Australian schoolgirl faces charge of financing ISIS

CORRECTING DATE TO MONDAY FEB. 23 - This is a still taken from CCTV issued by the Metropolitan Police in London on Monday Feb. 23, 2015,  of 15-year-old Amira Abase, left,  Kadiza Sultana,16, centre, and Shamima Begum, 15, going through Gatwick airport, south of London, before they caught their flight to Turkey on Tuesday Feb 17, 2015. The three teenage girls left the country in a suspected bid to travel to Syria to join the Islamic State extremist group. (AP Photo/Metropolitan Police) NO ARCHIVE

This is a still taken from CCTV issued by the Metropolitan Police in London on Feb. 23, 2015, shows three teenage girls suspected of traveling to Syria to join the ISIS. In Australia, authorities are set to charge a 16-year-old schoolgirl of raising and sending funds to the Islamist terrorist group. AP FILE

SYDNEY, Australia — A 16-year-old schoolgirl was set to be charged Tuesday with raising money to support the Islamic State of Iraq and Syria (ISIS) group, Australian police said, warning of a “trend of teenage children” involved in such activities.
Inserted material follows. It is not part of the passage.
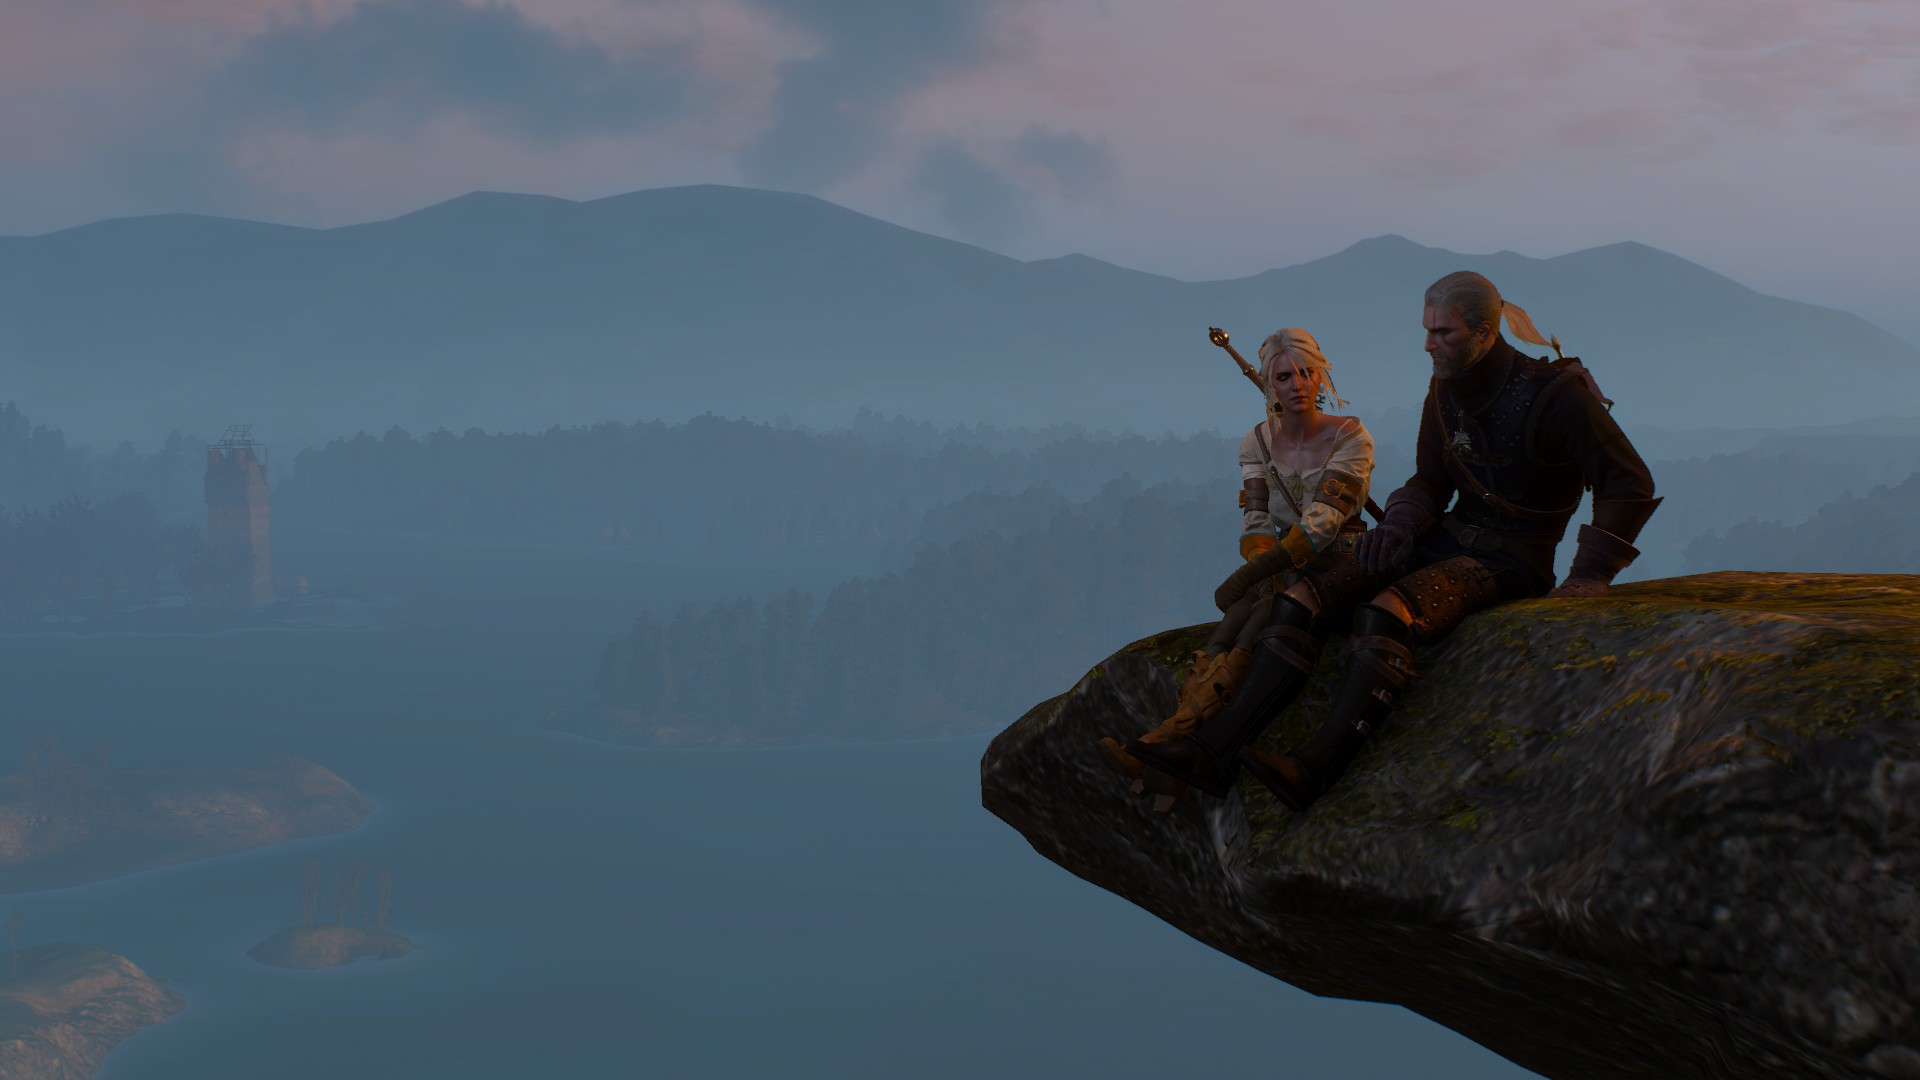 The Witcher The Witcher 3 Wild Hunt Geralt Of Rivia Ciri The Witcher Ciri Cirilla Cirilla Fiona Elen 1920x1080

The girl and a 20-year-old man were arrested in the western Sydney suburb of Guildford in the morning and were due to be charged during the day, New South Wales state police Deputy Commissioner Catherine Burn said.

READ: Teen girls joining Isis jihadisIslamist ISIS slave markets sell girls at any price–UN envoy

“We will be alleging that they were involved in obtaining money to send offshore to assist the Islamic State in its activities,” Burn told reporters in Sydney.

“The 16-year-old girl is not somebody who is well-known to us, however it is disturbing that we are continuing to see a trend of teenage children involved in activities that they should really not be involved in at all.”

The pair were to face one charge each of getting funds to, from or for a terrorist organization. The maximum penalty on conviction is 25 years in prison.

Burn would not say how much they allegedly collected, but added that a “number of people in this country” were raising money to finance terrorism and then send it offshore.

Federal Police Deputy Commissioner for national security, Michael Phelan, said the alleged fundraising was not linked to any plot of an attack in Australia and there was no immediate threat to the community.

Canberra has been increasingly concerned about home-grown extremism and raised the terror threat alert level to high in September 2014.

Authorities have conducted a series of counter-terrorism raids in several cities, while the government has passed new national security laws.

Since September 2014, 14 people have been charged under Appleby, a rolling operation investigating people suspected of being involved in domestic acts of terrorism, Australians fighting in Syria and Iraq and the funding of terrorist organizations, Phelan said.

Burn said police were working to identify “all those things that might have been involved in her getting to this position”.

In December, five people including a 15-year-old boy were charged in Sydney over a terror plot targeting a government building.

And in October a civilian police employee was shot dead by a boy, also 15, outside police headquarters in western Sydney. The teenager was killed in an exchange of gunfire.